Return the data below unaltered, but strip out the pictures.

**Source data:**
- Opening Delimiter -

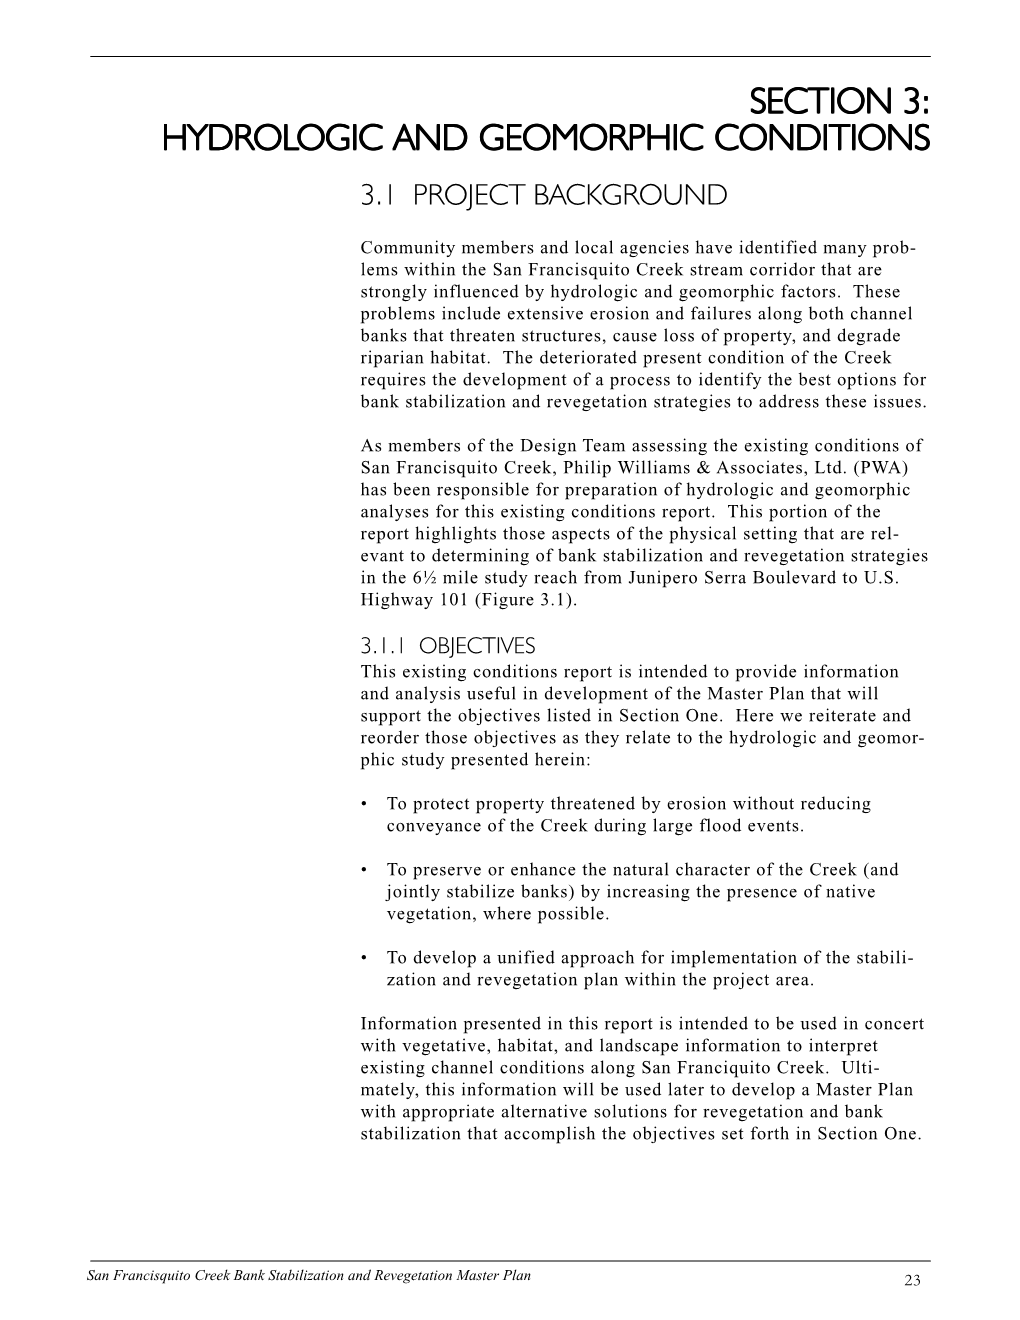 Section 3: Hydrologic and Geomorphic Conditions 3.1 Project Background
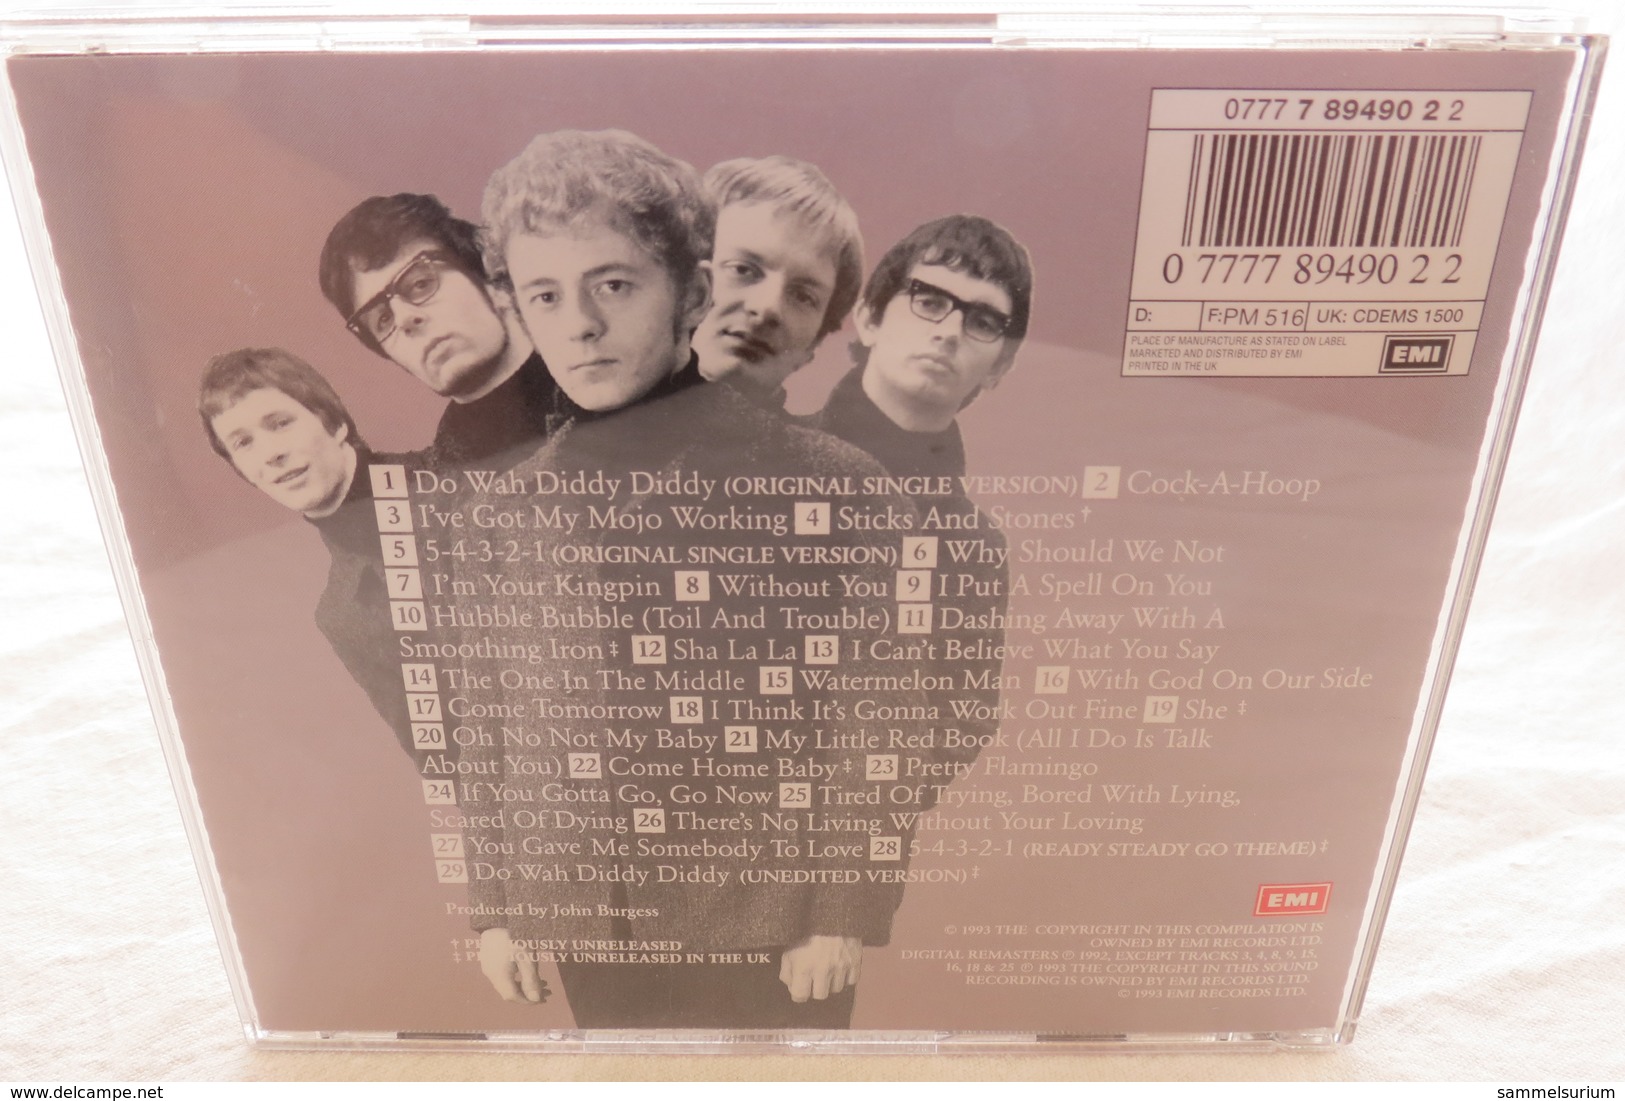 CD "Manfred Mann" The Best Of EMI Years - Hit-Compilations
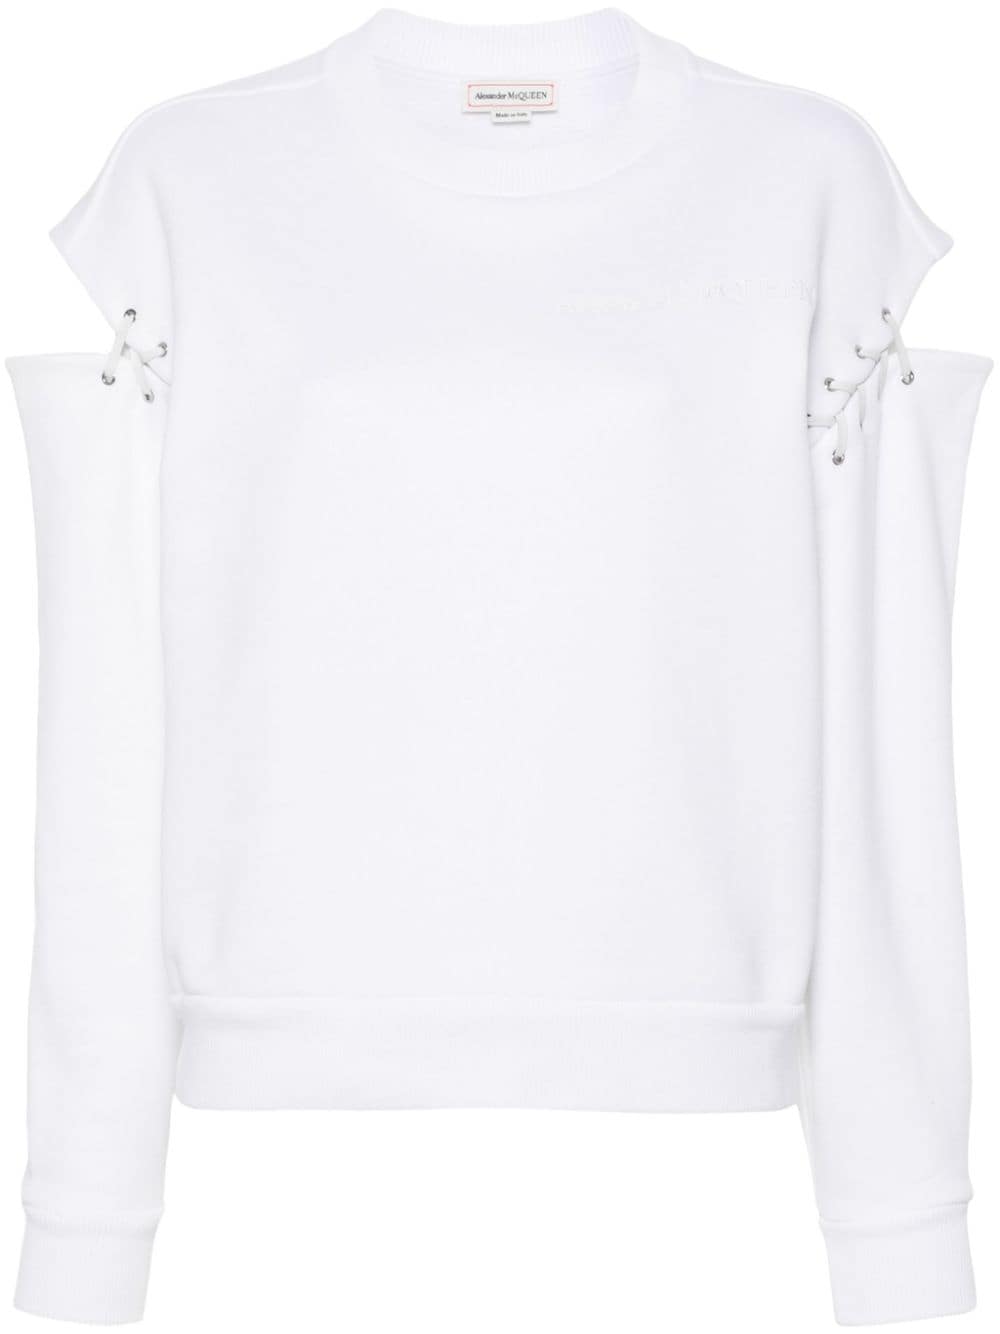 Image 1 of Alexander McQueen embroidered logo cut-out sweater

- Closing Delimiter -

**Task result:**
 Section 3: Hydrologic and Geomorphic Conditions 3.1 Project Background
 CD "Manfred Mann" The Best Of EMI Years - Hit-Compilations
 Image 1 of Alexander McQueen embroidered logo cut-out sweater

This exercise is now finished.